**What is being asked**
For this item, repeat the material exactly while omitting its pictures.
*** Available data Section Begins ***
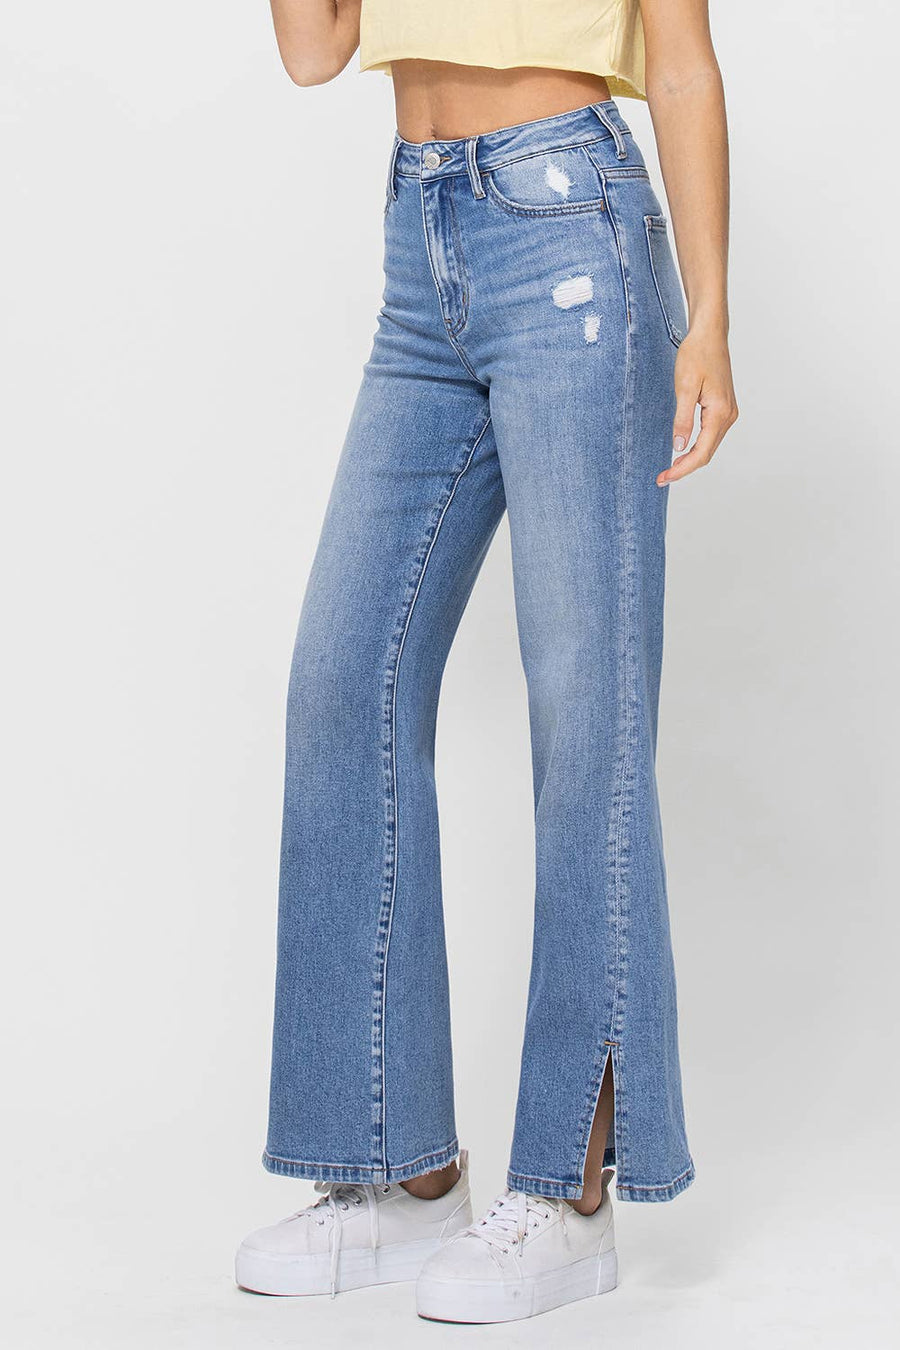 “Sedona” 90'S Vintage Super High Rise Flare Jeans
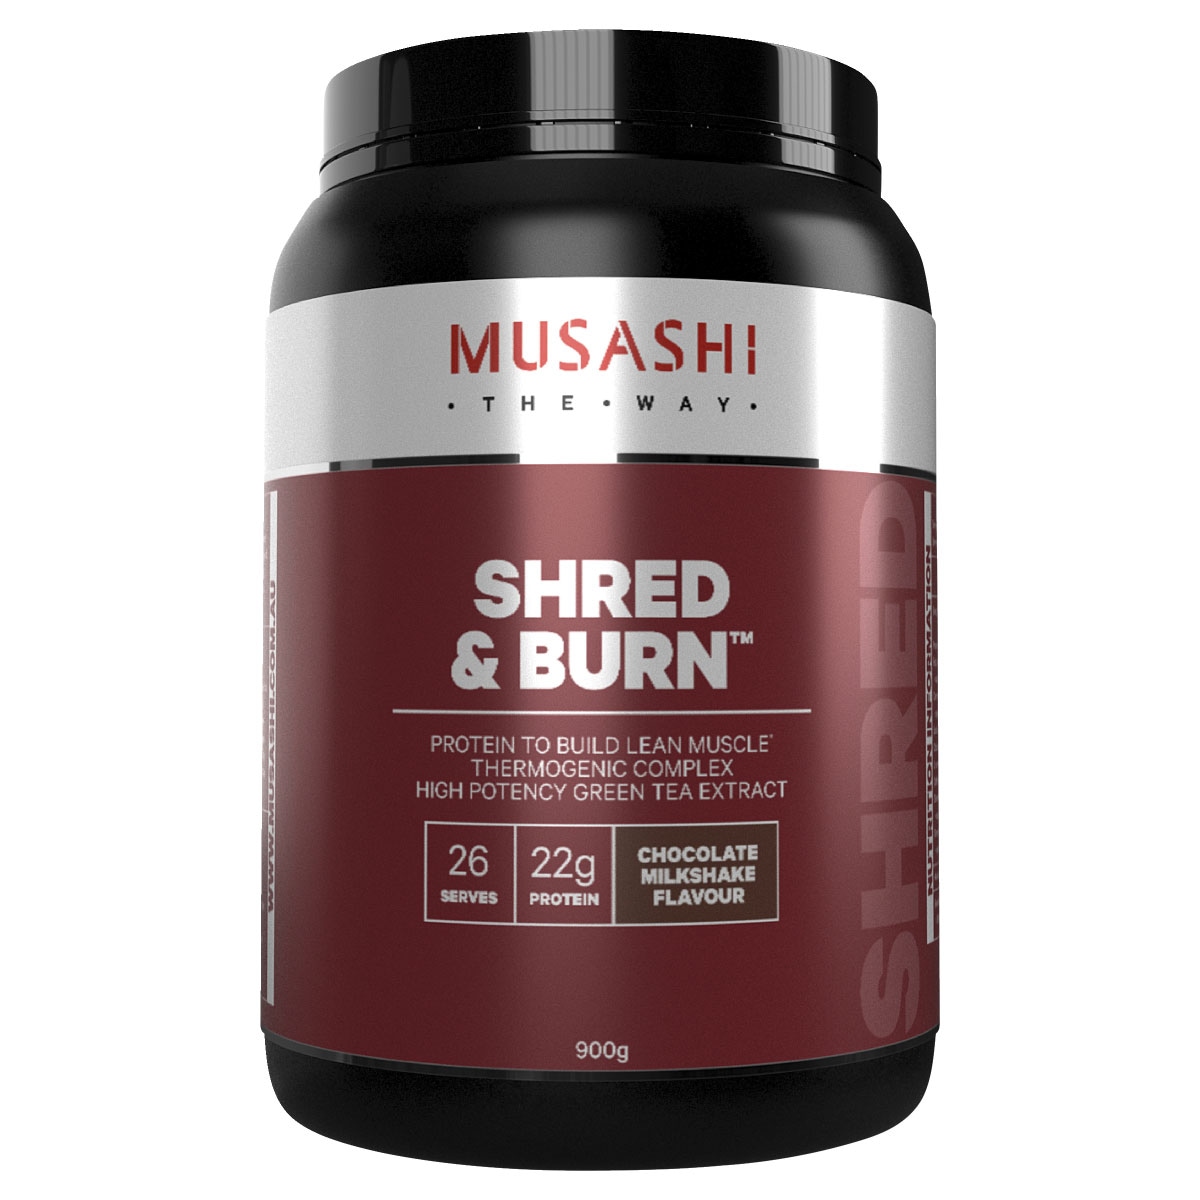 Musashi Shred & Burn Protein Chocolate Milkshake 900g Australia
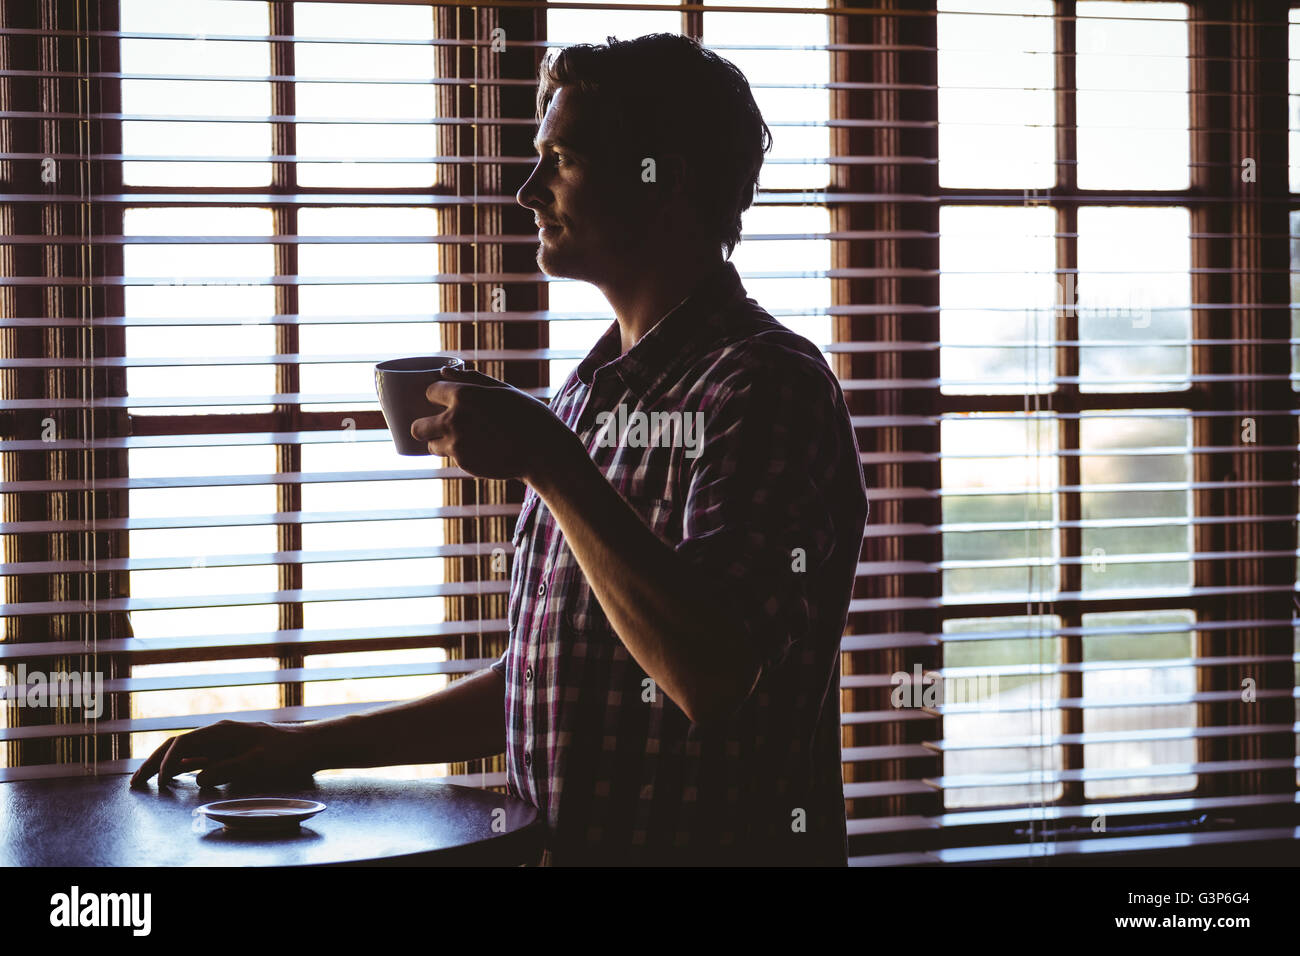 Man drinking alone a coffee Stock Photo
*** Available data Section Ends ***
**Your response**
 “Sedona” 90'S Vintage Super High Rise Flare Jeans
 Musashi Shred & Burn Protein Chocolate Milkshake 900g Australia
 Man drinking alone a coffee Stock Photo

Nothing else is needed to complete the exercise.